Get Recommendation using hand coded UBCF

#Convert realRatingMatrix to regular Matrix
train=as.matrix(getRatingMatrix(getData(eval_sets,"train")))
test=as.matrix(getRatingMatrix(getData(eval_sets,"known")))
#realRating Matrix stores missing value as 0, convert them back to NA
train[train==0]=NA
test[test==0]=NA
#Check prediction for one user
pred1=ubcf_recommend(train,test[1,])
cat("\n**** Recommendation for user",rownames(test)[1],"\n")
## 
## **** Recommendation for user U8
recommend=getArtistName(colnames(train)[pred1$recommendation])
cat(recommend,sep="\n")
## Britney Spears
## Rihanna
## Kylie Minogue
## Glee Cast
## Paramore
## Backstreet Boys
## The Beatles
## Mariah Carey
## AC/DC
## Muse
## Thalía
## YUI
## Girls Aloud
## MGMT
## 30 Seconds to Mars
## Beyoncé
## CAKE
## The Kills
## Pitty
## The Pretty Reckless

Get Recommendation using recommenderlab

model_ubcf=Recommender(data=getData(eval_sets,"train"),method="UBCF",
                          parameter=list(method="pearson",nn=50))
recommend_rl=predict(model_ubcf,getData(eval_sets,"known"),n=20)

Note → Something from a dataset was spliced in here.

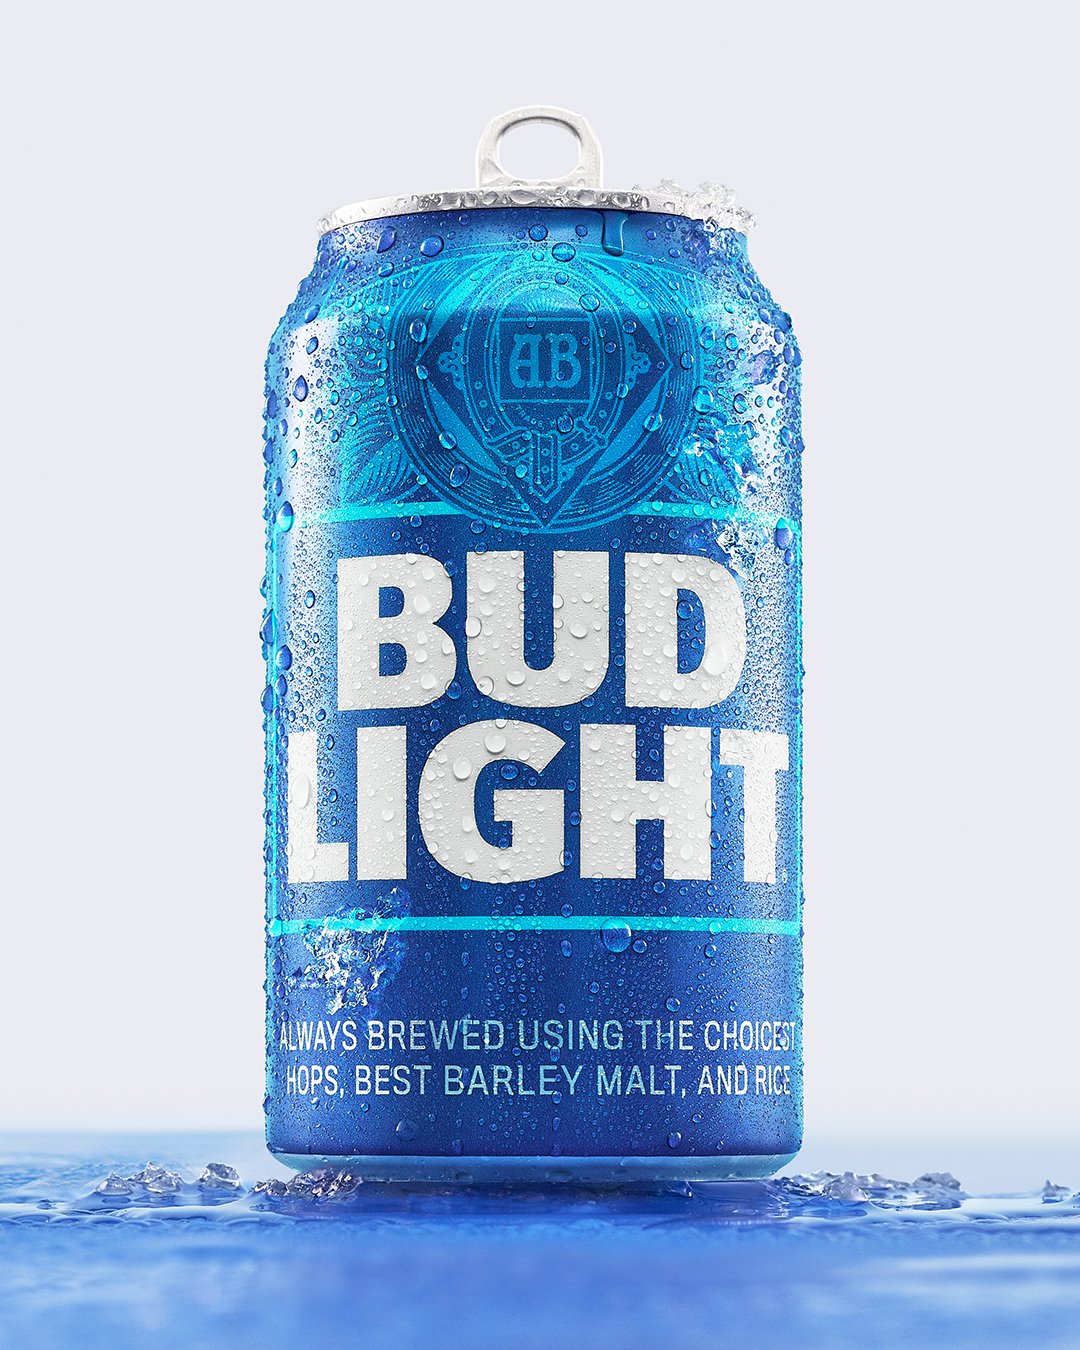 Bud Light is no longer America's top beer following anti-LGBTQ+ pushback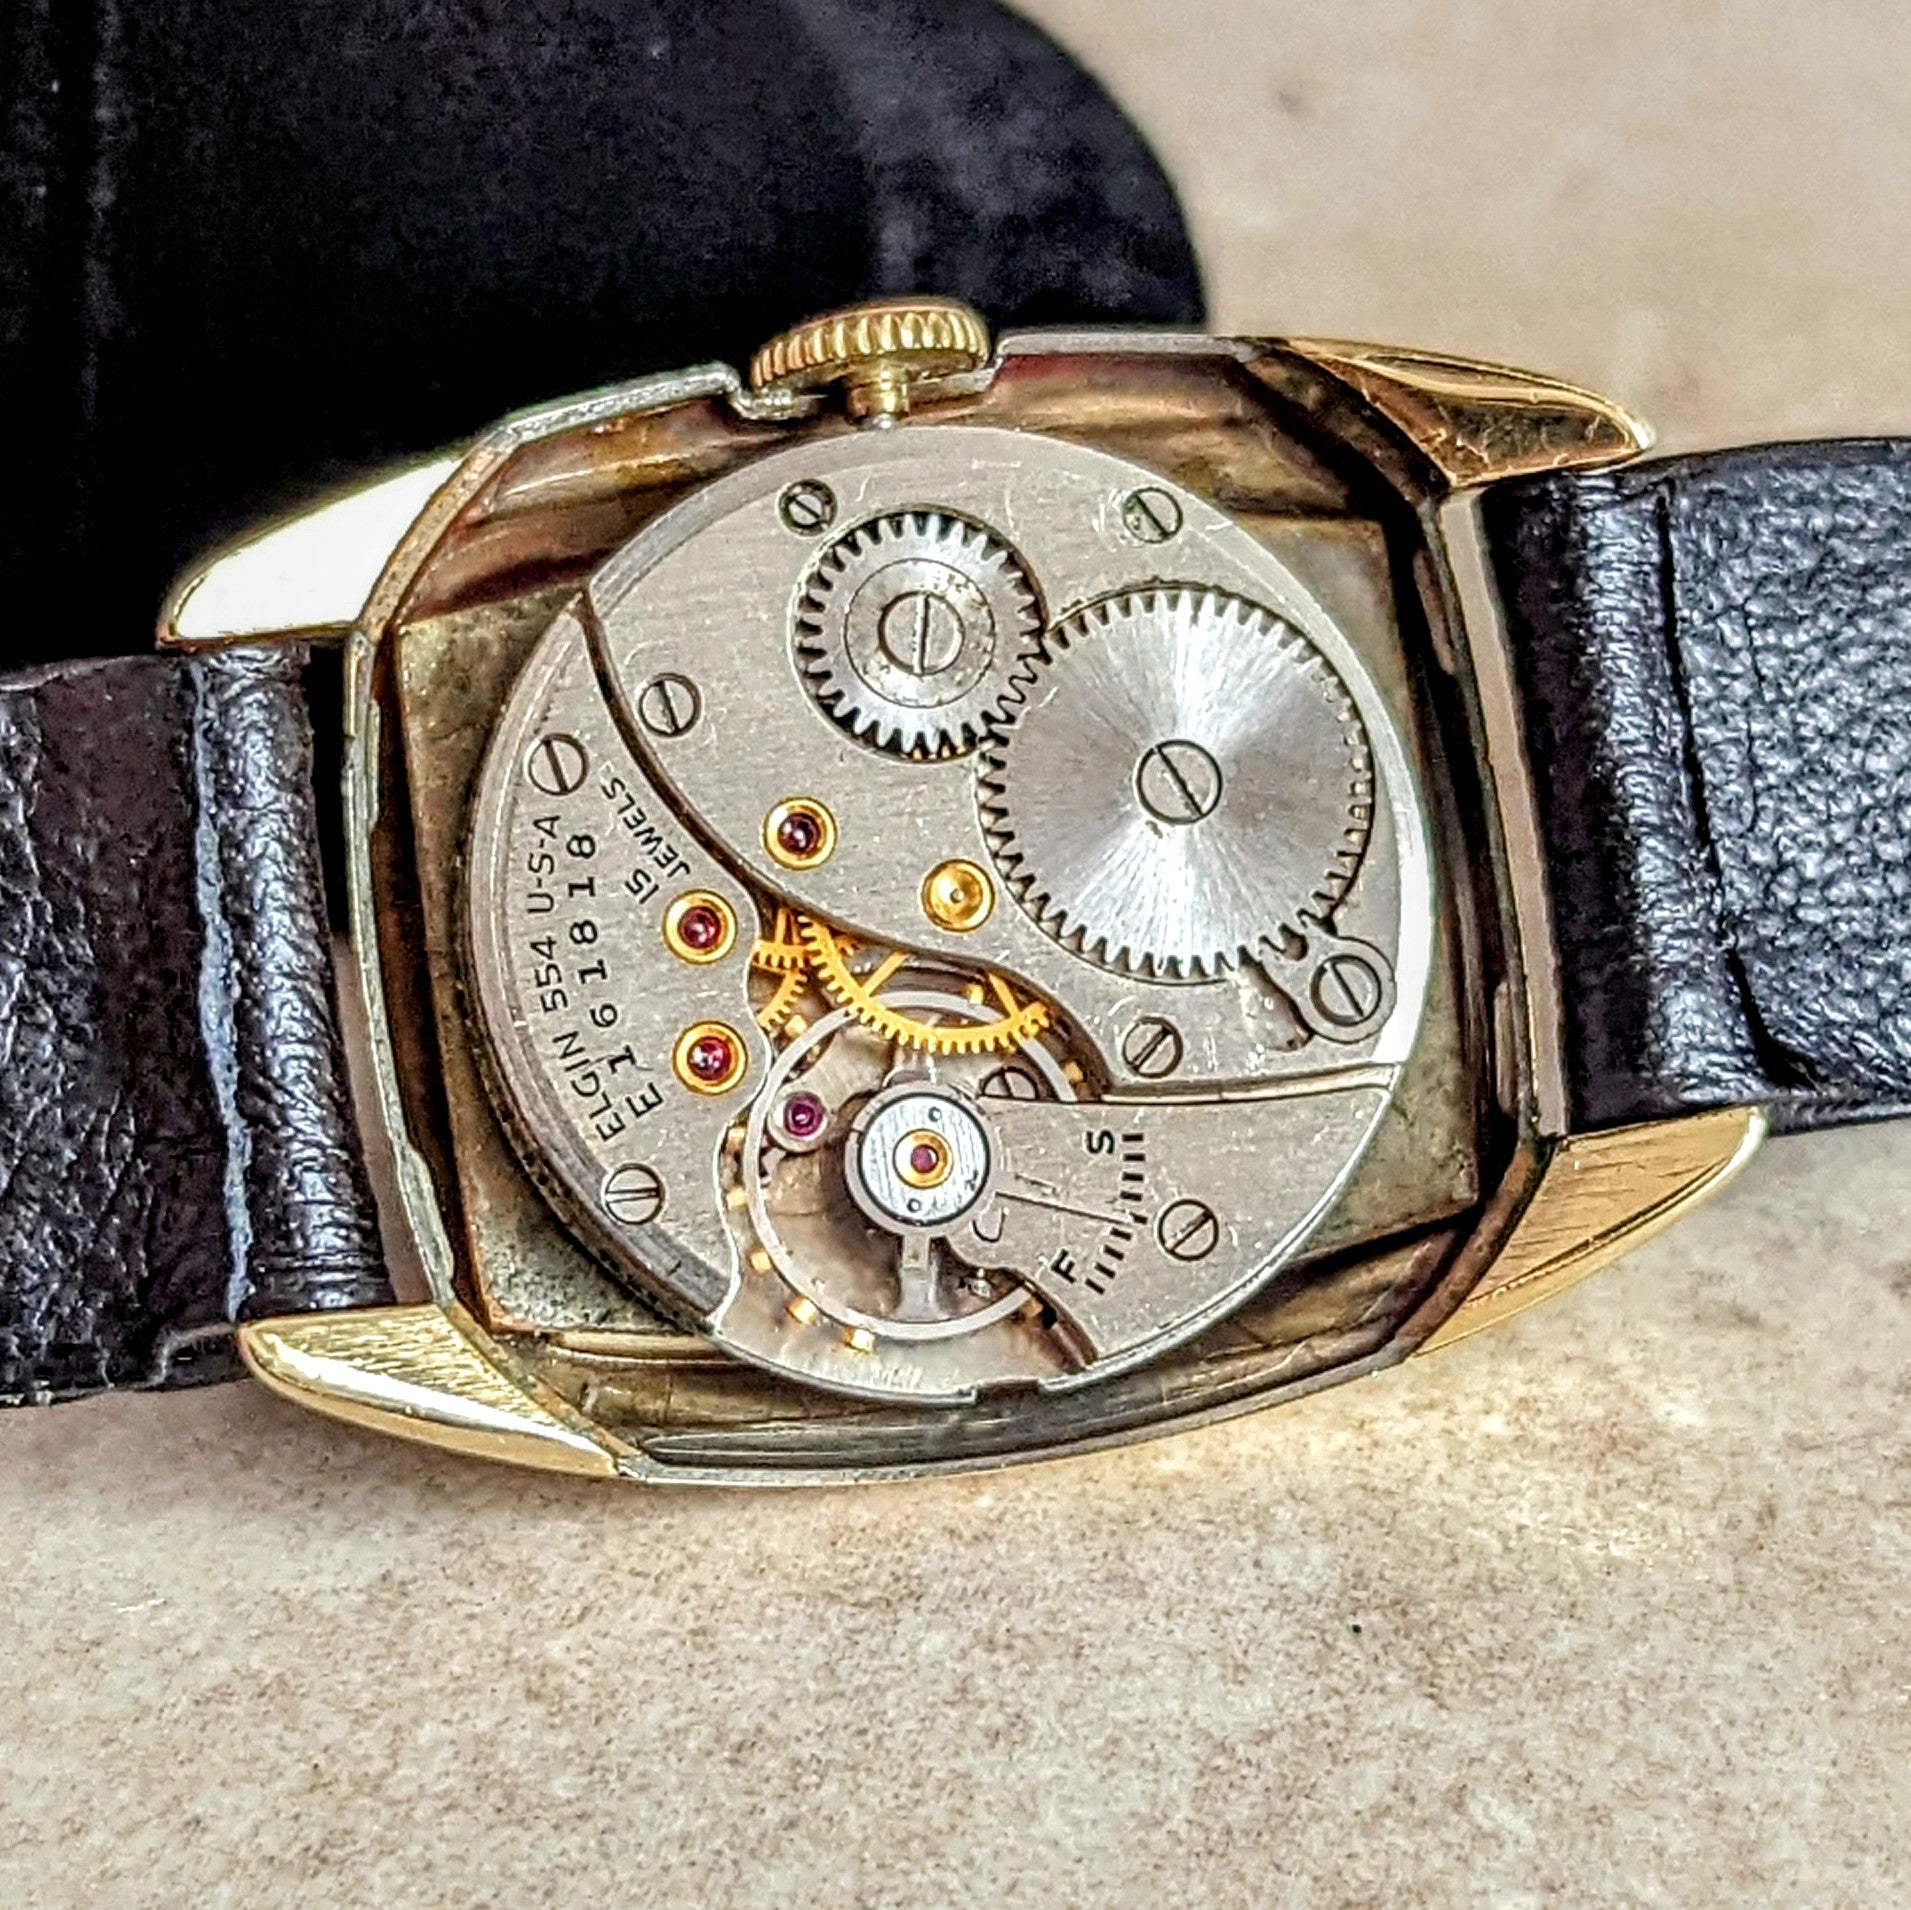 1941 ELGIN Watch Grade 554 Model 7 15 Jewels U.S.A Made Vintage Wristwatch

cat("\n**** Recommendation for user",rownames(getData(eval_sets,"known"))[1],"\n")
## 
## **** Recommendation for user U8
recommend=getArtistName(recommend_rl@itemLabels[as.vector(recommend_rl@items[[1]])])
cat(recommend,sep="\n")
## Britney Spears
## Rihanna
## Kylie Minogue
## Glee Cast
## Paramore
## Backstreet Boys
## The Beatles
## Mariah Carey
## AC/DC
## Muse
## Thalía
## YUI
## Girls Aloud
## MGMT
## 30 Seconds to Mars
## Beyoncé
## CAKE
## The Kills
## Pitty
## The Pretty Reckless

Results Comparison

The results obtained from the hand coded UBCF method is pretty much same as the result provided by recommenderlab package

n = nrow(test)
recommendations=NULL
same_as_rl=logical(n)
for (i in 1:n){
  recommendations[[i]]=ubcf_recommend(train,test[i,])
  same_as_rl[i]=all(recommend_rl@items[[i]] %in% recommendations[[i]]$recommendation)
}
table(same_as_rl)
## same_as_rl
## FALSE  TRUE 
##    29   267

In 90% of the cases the recommendations made by hand coded function are exactly same as the recommendations made by recommenderlab package. In other instances the recommendations are very close to the recommendation made by the package and the difference could be due to implementation method/value approximation.